Как бы то ни было, исходных данных для расследования дела о другом Гоголе в распоряжении Красненького оказалось немало.
Были известны важнейшие свойства главного фигуранта.
Он не был женщиной – «женского рода», как сестры Гоголя, которые «в литературу не пускались» (не ударялись). Он вовсе не доводился Гоголю родственником – ни близким, ни дальним. Он не был скромным однофамильцем, а был, скорее, таким человеком, который мог бесстрашно «похитить название Гоголя». Он обладал автономностью, был «сам по себе», как нос майора Ковалева, однако общего с Гоголем у него было больше, чем у носа с майором, ибо служил он не «по другому ведомству», а по тому же – литературному, то есть в точности, как и Гоголь, он был писателем.
Данных было достаточно.
Но едва ли Красненький имел представление, с какой стороны подступиться к делу. Некоторых важных для дела историй – странных историй, – в которых действовал Гоголь и в то же время не Гоголь, он не знал. Да и не мог знать. За окнами его дома на Васильевском острове в 9-й линии между Большим и Средним проспектами, так же как и за окнами дома Зальцведеля в квартале Заксенхаузен на набережной Шауманкай, стояло лето 1847 года: Гоголь был жив – и на свете не существовало печатного корпуса мемуаров, документов и писем, из которого Красненький мог бы извлечь эти разновременные истории, свидетельствующие о том, что дело с неким другим Гоголем (выступавшим иногда и под другой фамилией) имели многие современники.
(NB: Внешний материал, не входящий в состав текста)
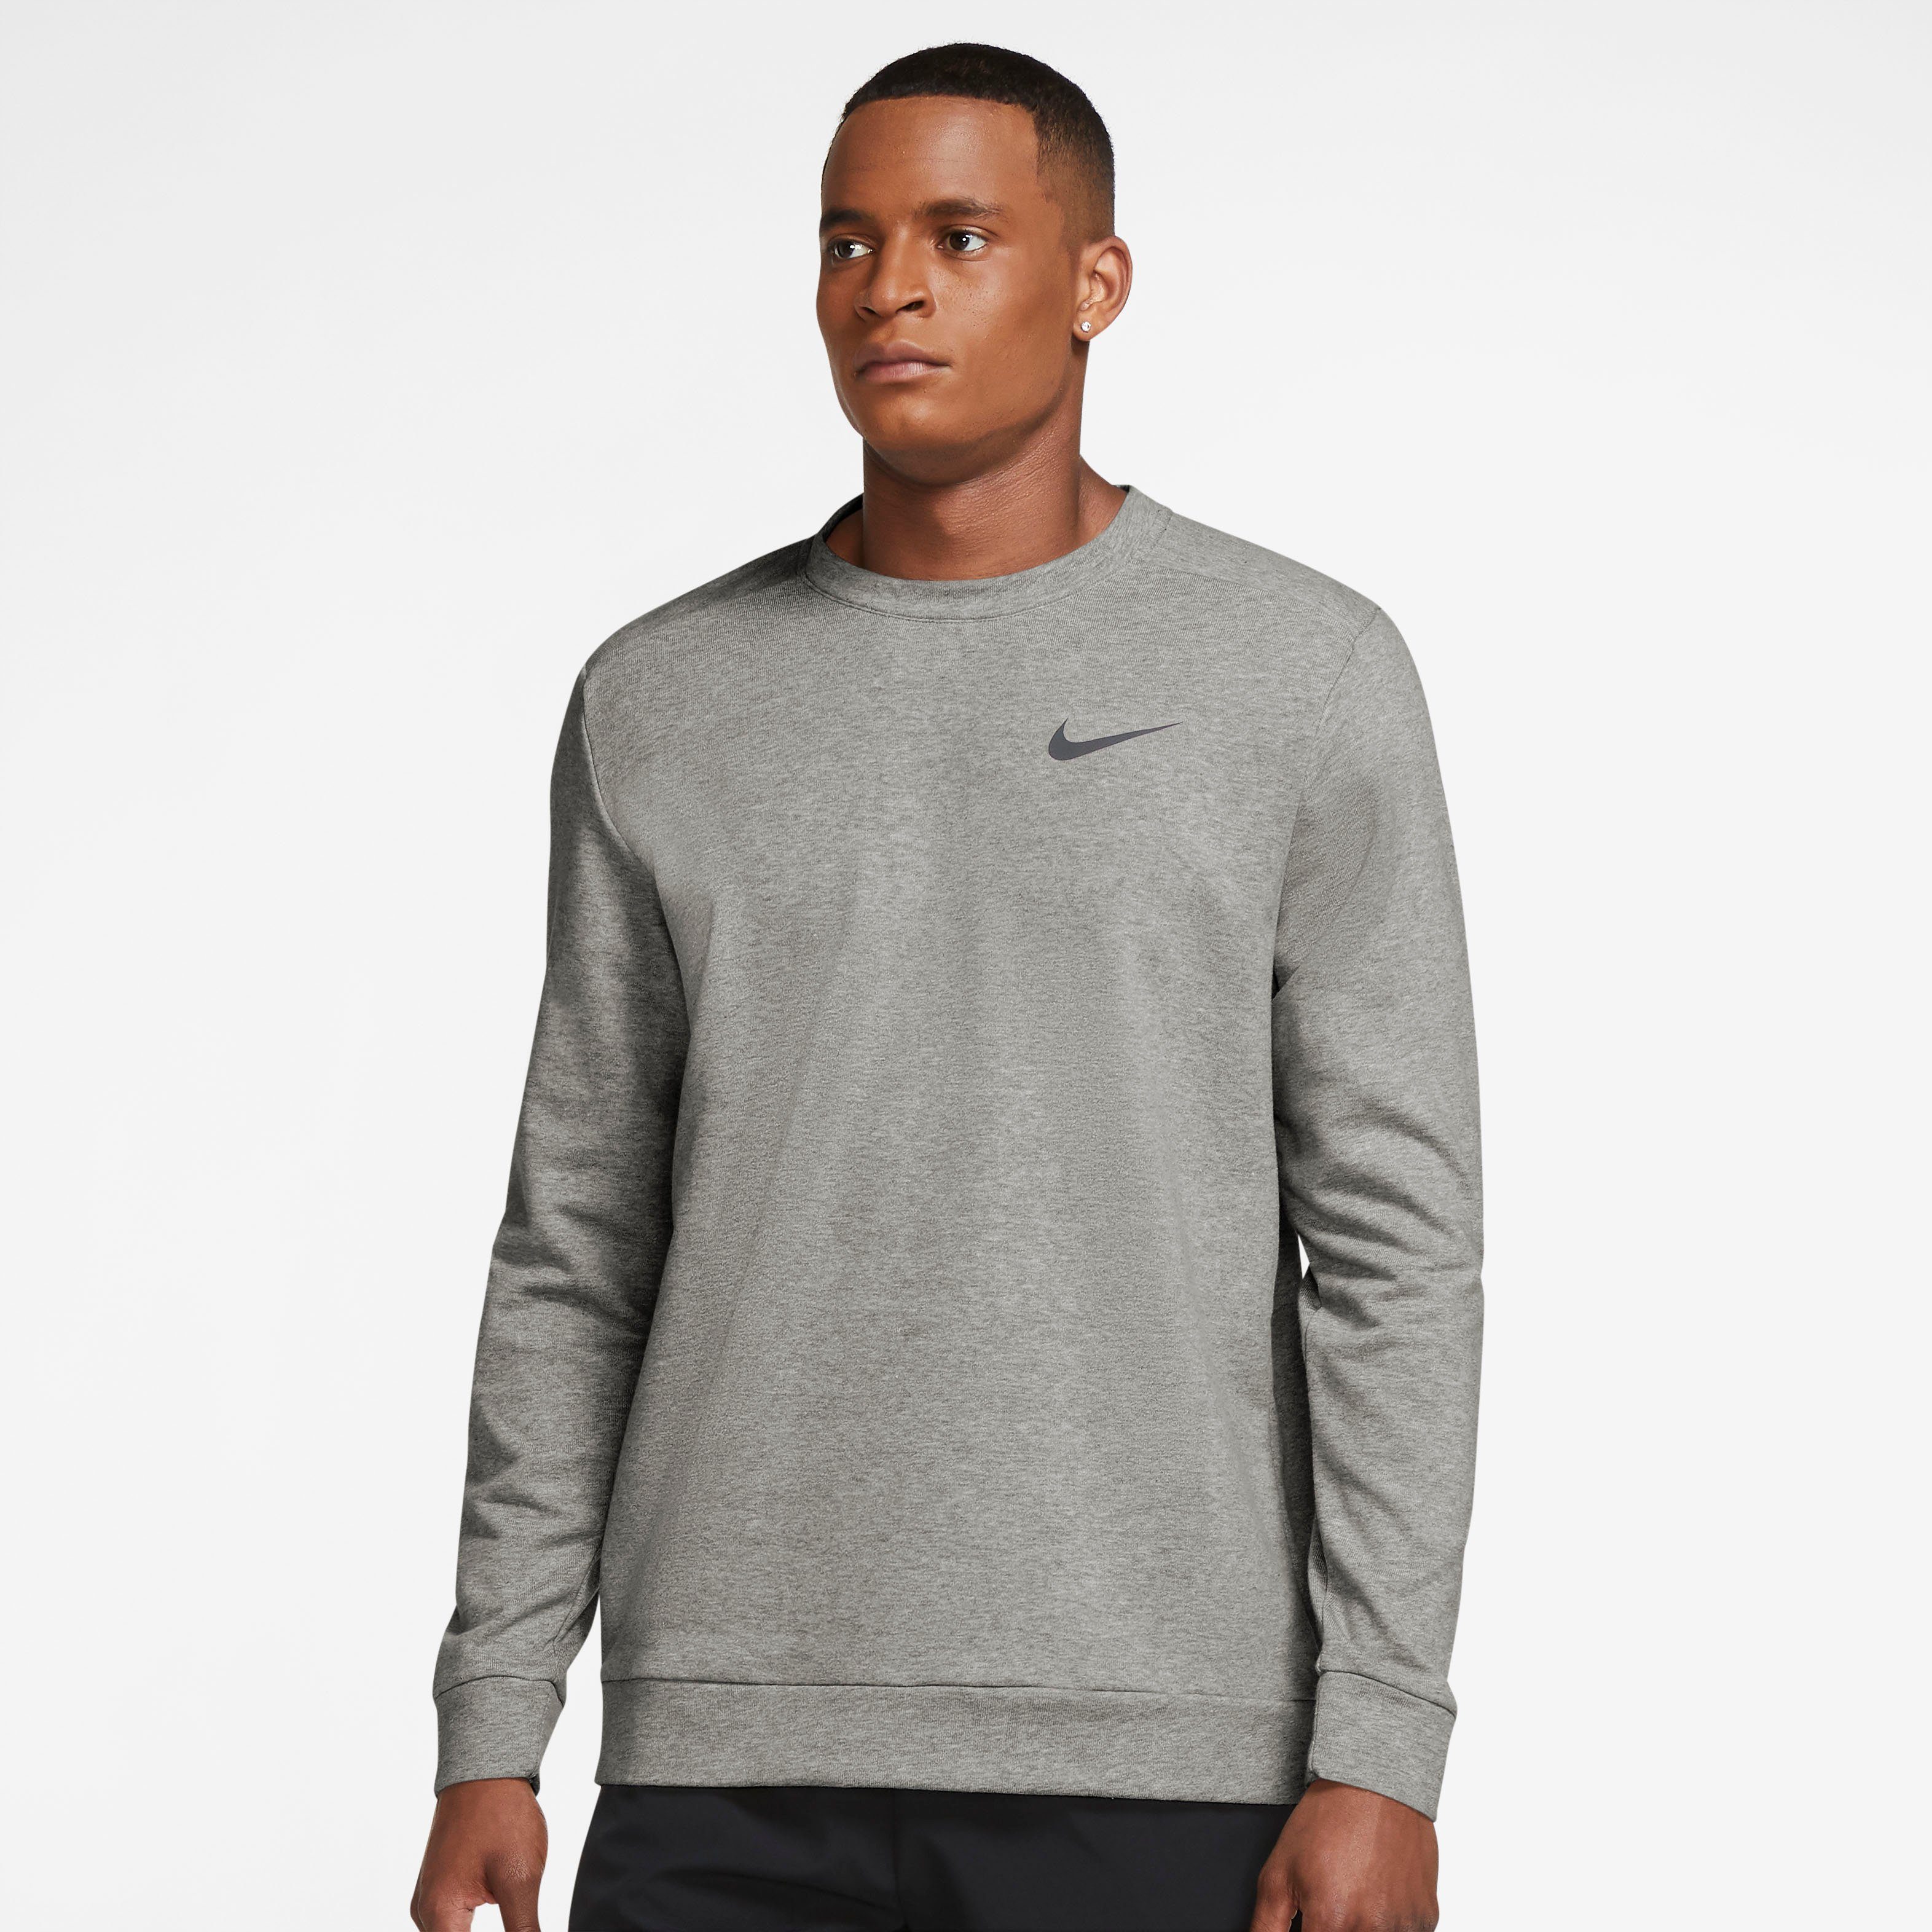 Nike Funktionsshirts online kaufen | OTTO

2 февраля 1842 года шеф Корпуса жандармов и главный начальник Третьего отделения Собственной Е. И. В. канцелярии граф Александр Христофорович Бенкендорф сообщает в письменном докладе царю Николаю Павловичу о ком-то, кого он уверенно (трижды) называет Гогелем:
«Попечитель московского учебного округа генерал-адъютант гр. Строганов уведомляет меня, что известный писатель Гогель находится теперь в Москве в самом крайнем положении, что он основал всю надежду свою на сочинении своем под названием „Мертвые Души“, но оно московской цензурою не одобрено и теперь находится в рассмотрении здешней цензуры, и как между тем Гогель не имеет даже дневного пропитания и оттого совершенно пал духом, то граф Строганов просит об исходатайствовании от монарших щедрот какого-либо ему пособия. Всеподданнейше донося Вашему Императорскому Величеству о таковом ходатайстве гр. Строганова за Гогеля, который известен многими своими сочинениями, в особенности комедией своей „Ревизор“, я осмеливаюсь испрашивать всемилостивейшего Вашего Величества повеления о выдаче единовременного пособия пятьсот рублей серебром».